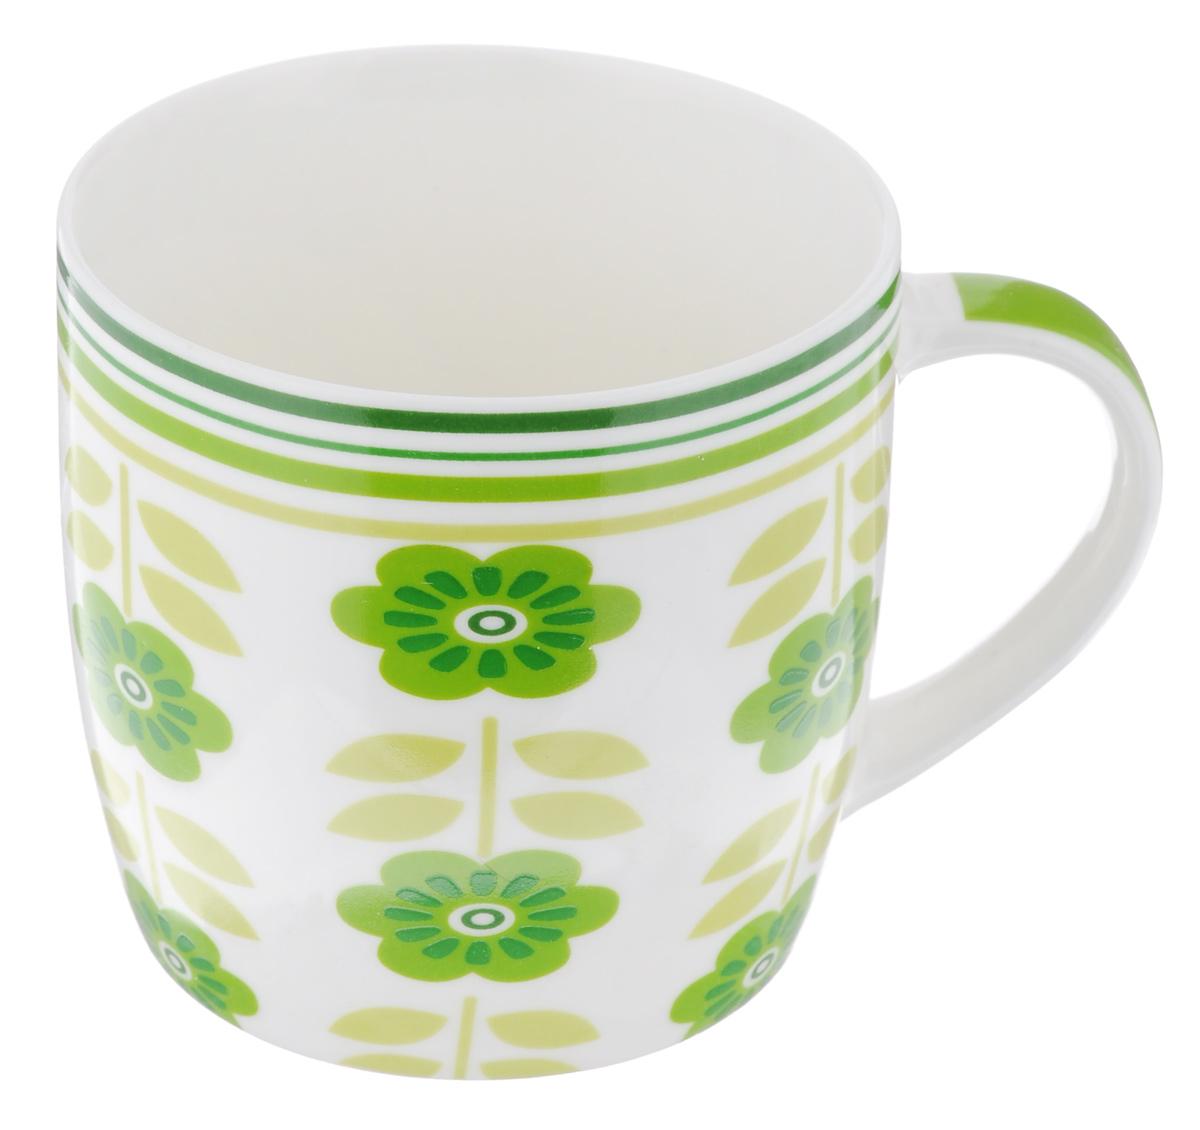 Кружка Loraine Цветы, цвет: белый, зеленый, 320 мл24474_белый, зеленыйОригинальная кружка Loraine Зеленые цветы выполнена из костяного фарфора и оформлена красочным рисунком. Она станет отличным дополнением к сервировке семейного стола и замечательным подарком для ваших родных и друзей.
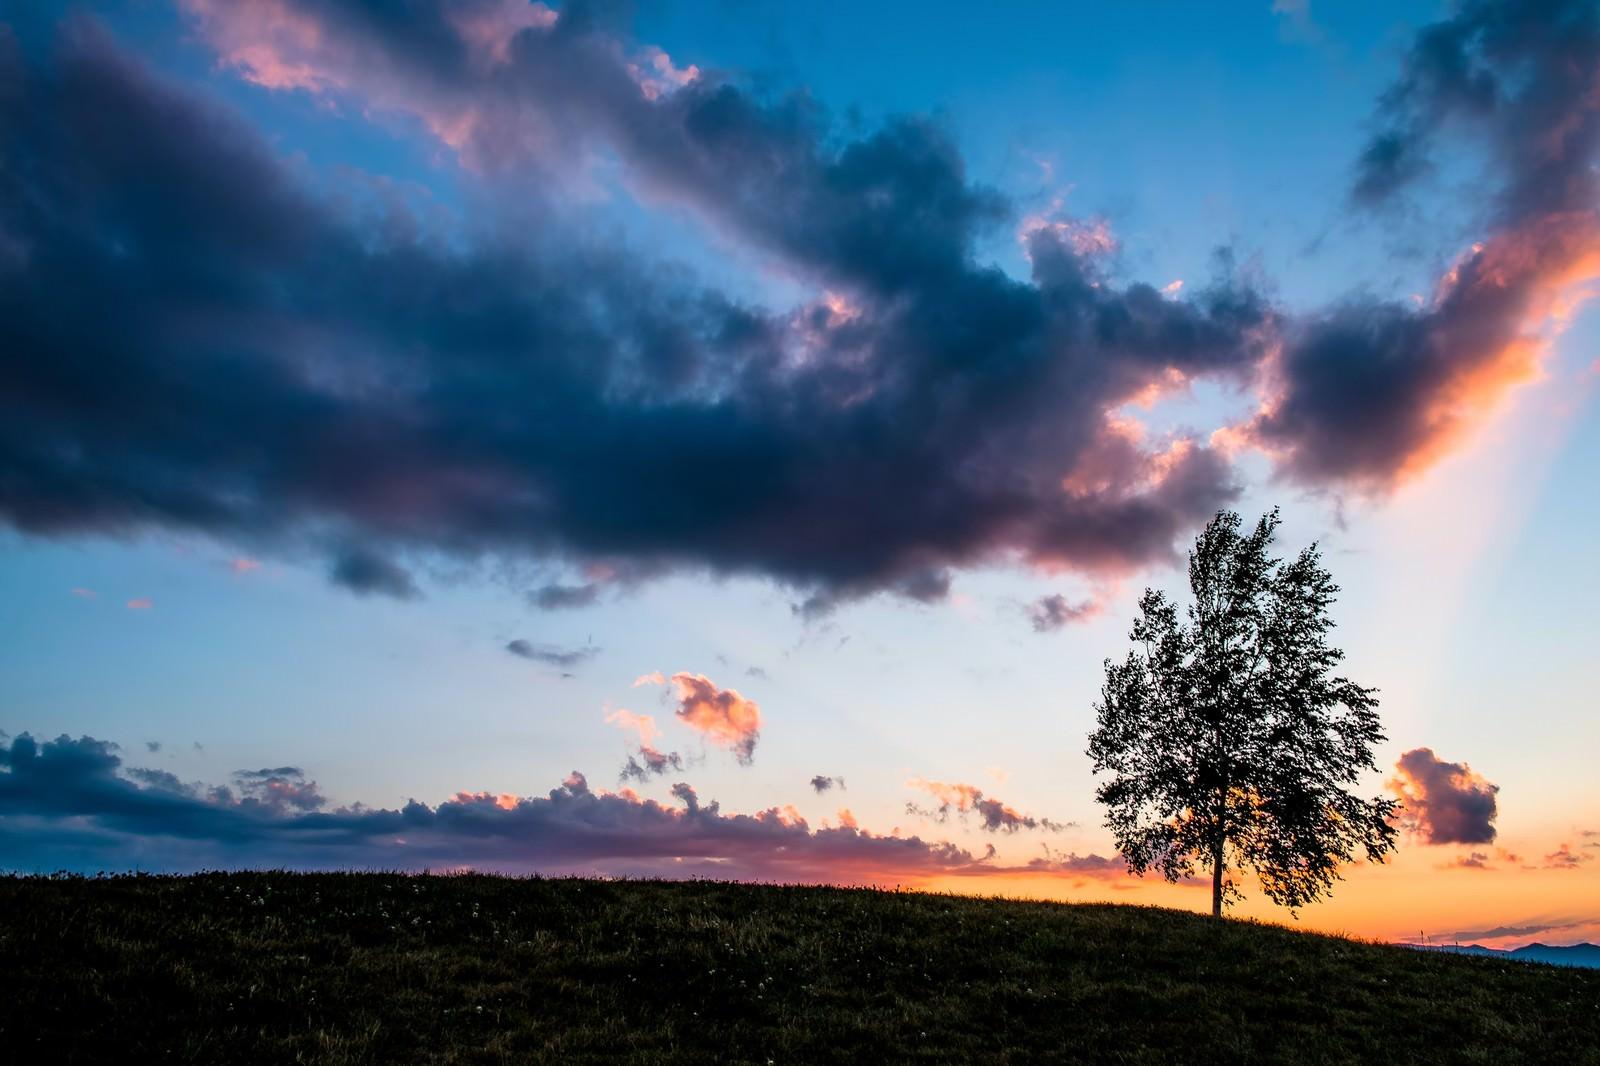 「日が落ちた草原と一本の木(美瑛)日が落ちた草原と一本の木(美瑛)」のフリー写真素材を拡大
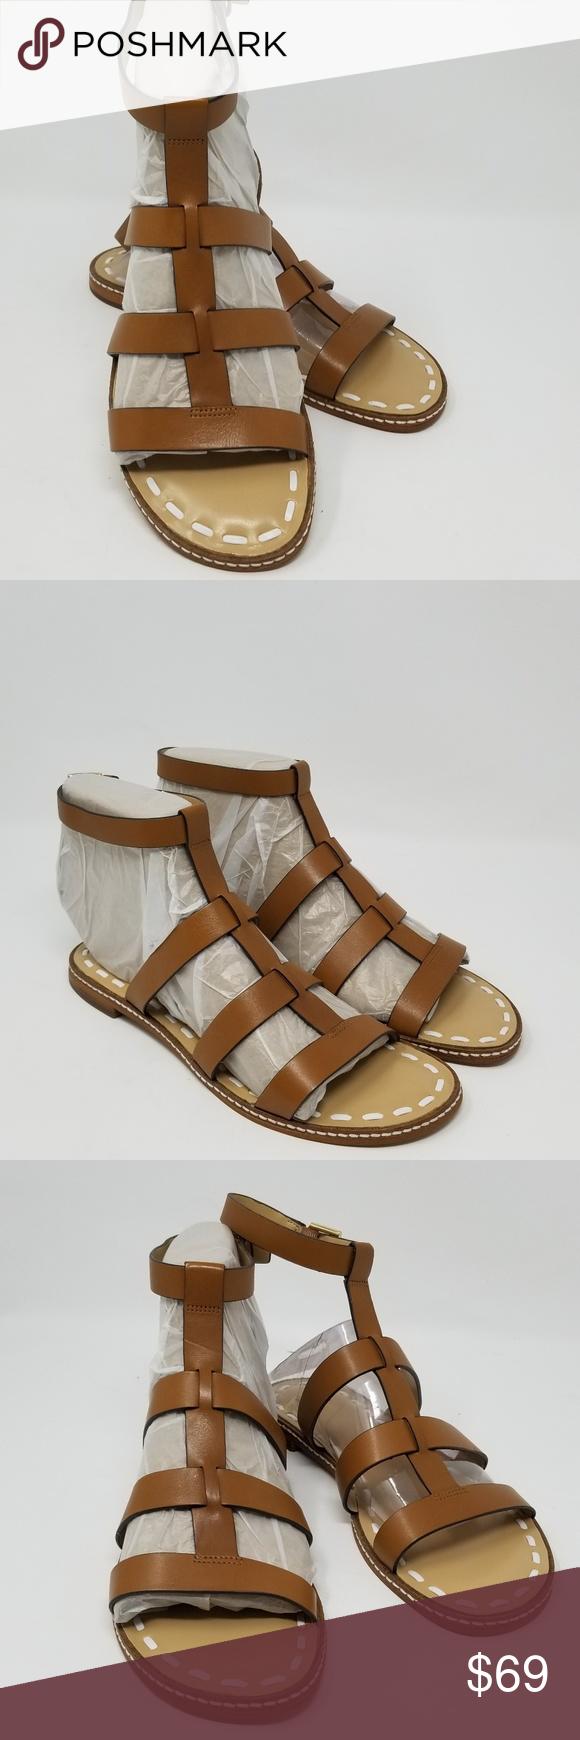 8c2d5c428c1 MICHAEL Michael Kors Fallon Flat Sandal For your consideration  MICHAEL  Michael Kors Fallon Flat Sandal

[Exercise instructions]:
Please retype the whole of the data precisely, omitting pictures.

[Result for this task]:
 Кружка Loraine Цветы, цвет: белый, зеленый, 320 мл24474_белый, зеленыйОригинальная кружка Loraine Зеленые цветы выполнена из костяного фарфора и оформлена красочным рисунком. Она станет отличным дополнением к сервировке семейного стола и замечательным подарком для ваших родных и друзей.
 「日が落ちた草原と一本の木(美瑛)日が落ちた草原と一本の木(美瑛)」のフリー写真素材を拡大
 8c2d5c428c1 MICHAEL Michael Kors Fallon Flat Sandal For your consideration  MICHAEL  Michael Kors Fallon Flat Sandal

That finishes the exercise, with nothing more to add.